The answer by @ericperkerson is completely right, you cannot in general find $\text{Var}(X)$ using only $\text{Var}(\ln X)$, but I would like to bring out the delta method. If $X\sim\mathcal N(\mu,\sigma^2)$ and $\sigma$ is small enough*, we have the following approximation: $$f(X)\overset{\text{approx.}}\sim\mathcal N(f(\mu), f'(\mu)^2\cdot\sigma^2)$$
In the case of $\ln X$, this gives us:
$$\text{Var}(\ln X)\approx\frac{\text{Var}(X)}{\mathbb E(X)^2}$$
So, if besides the variance of $X$ you also know its expectation, you can find this simple approximation for $\text{Var}(\ln X)$. How good this approximation is likely to depend on the shape and standard deviation of your distribution.

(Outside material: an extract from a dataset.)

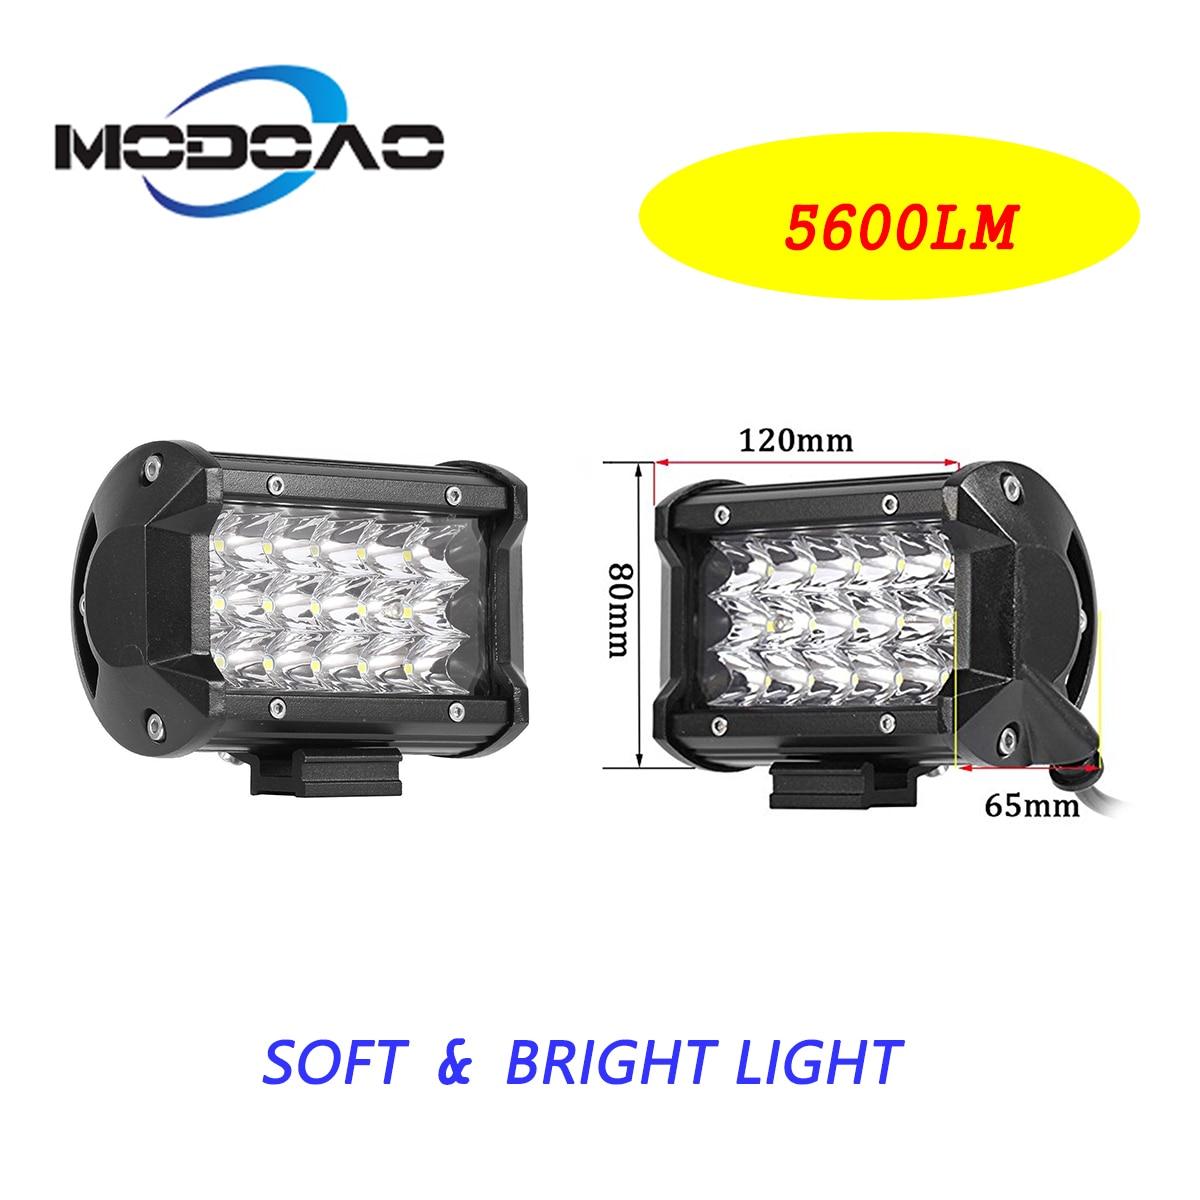 Nova 54 W 5D alto-brilho LED holofotes luz de trabalho para veículos off-road ATV carro motocicleta barco 6000 K 2 pcs melhor à frente

* small enough here means $\sigma^2<<\frac{1}{f''(\mu)}$, so that our approximation can safely ignore any curvature of $f(x)$.
This is because it's possible to find different random variables $X$ and $Y$ where $V(\log(X)) = V(\log(Y))$ but $V(X) \ne V(Y)$, so even if you know $V(\log(X))$ you cannot recover the original variance $V(X)$ (at least not without making some additional assumptions).
For example, suppose we know that $X \sim \text{Lognormal} (\mu, \sigma^2)$, and hence $\log (X) \sim \text{Normal}(\mu, \sigma^2)$. The variance of a log-normal random variable is
$$V(X) = (\exp(\sigma^2) - 1)\exp(2\mu + \sigma^2).$$
This means that even if we know $V(\log(X)) = \sigma^2 = \log(2) \approx 0.693$, for example, the variance of $X$ still depends on $\mu$ through the equation \begin{align} V(X) & = (\exp(\log(2)) - 1)\exp(2\mu + \log(2)) \\ & = (2 - 1)\exp(2\mu) \exp(\log(2)) \\ & = 2 \exp(2\mu). \end{align}
Hence, the variance of $X$ could be literally any positive number, even though we know $V(\log(X)) = \log(2)$. For example, it's possible that $\mu = 0$ which would give $V(X) = 2$, but it's also possible that $\mu = 1$ which would give $V(X) = 2 \exp(2) \approx 14.778$, and just knowing $V(\log(X))$ is not enough to distinguish between these possibilities.